Mein kumpel will seine fischerprüfung ablegen, hat auch denn vorbereitungkurs gemacht, konnte aber in dortmund nicht an der prüfung teil nehmen. jetzt sagen die, die nächsten prüfung finden im november 2008 in dortmund statt.
;+ gibts die möglichkeit das man in einer anderen stadt viel früher die prüfung ablegen kann und wenn wo bitte ;+

mfg uli |wavey:


----------



## Sharixxa (28. November 2007)

*AW: Nächster Termin zur Fischerprüfung*

Hi du....

da wirst du pech haben. Die FP kannst du nur in dem bundesland machen in dem du deinen hauptwohnsitz hast. Die pruefungen finden normalerweise 1x im jahr statt. Ab 2008 hat man die moeglichkeit 2x im jahr diese pruefung zu machen, aber nur wenn man in der ersten durchgefallen ist ^^.

Dein freund wird warten muessen bis zum november 2008.
Wenigstens muss er den vorbereitungskurs nichtmehr mitmachen.

Und vorher informieren obs nun eine IHK pruefung ist oder noch die bisherige "alte". ( Ab 2008 sollen in manchen bundeslaendern die IHK die pruefungen leiten)

Shari


----------



## manolo86 (28. November 2007)

*AW: Nächster Termin zur Fischerprüfung*

Dein Kumpel könnte auch in Gelsenkirchen die Prüfung machen. Ist da wohl im Februar, soweit ich gehört habe.
Würde einfach mal da anrufen und nachfragen.
Habe meine Prüfung auch in einer anderen Stadt gemacht.
#h


----------



## Denni_Lo (29. November 2007)

*AW: Nächster Termin zur Fischerprüfung*



Sharixxa schrieb:


> ...Die FP kannst du nur in dem bundesland machen in dem du deinen hauptwohnsitz hast.



Fast richtig, selbst für die nächste Gemeinde/Landkreis/Ort braucht man teilweise eine Ausnahmegenehmigung



Sharixxa schrieb:


> Die pruefungen finden normalerweise 1x im jahr statt.

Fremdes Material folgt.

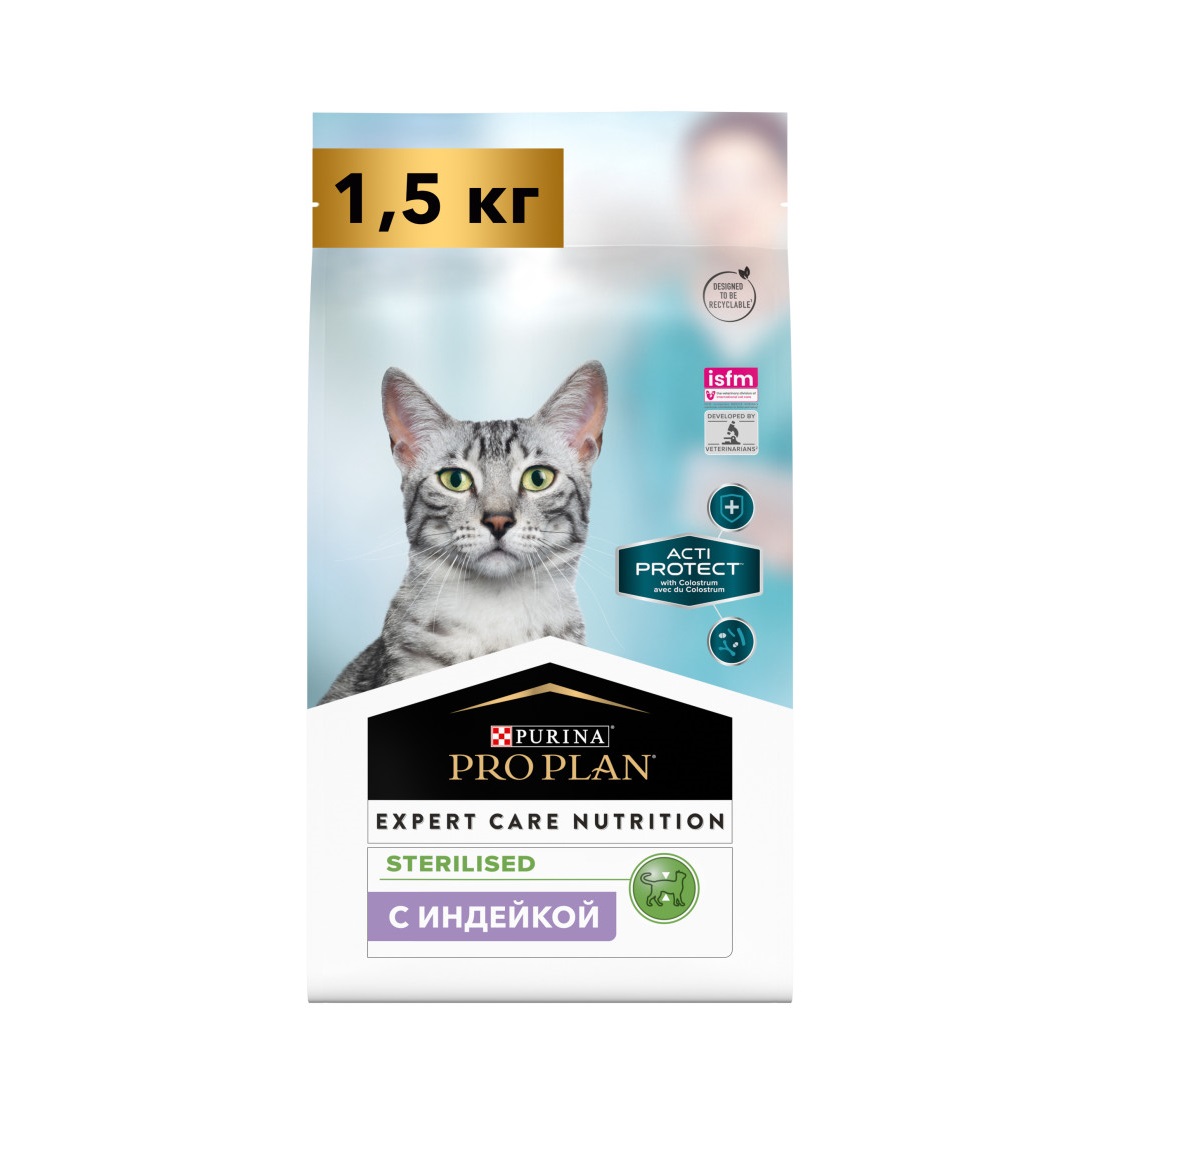 ПроПлан АктиПротект для кошек стерилизованных, Индейка. 1,5кг (Pro Plan Acti Protect)

Ab 2008 hat man die moeglichkeit 2x im jahr diese pruefung zu machen, aber nur wenn man in der ersten durchgefallen ist ^^.



Nicht ganz richtig, sie müssen min 1x Jährlich stattfinden die Häufigkeit kann jede Gemeinde/Landkreis/Ort selbst bestimmen. In Lev z.B. finden die 2x/Jahr statt.



Sharixxa schrieb:


> Dein freund wird warten muessen bis zum november 2008...


Oder er sucht sich eine Nachbargemeinde die noch Prüfungen hat.


----------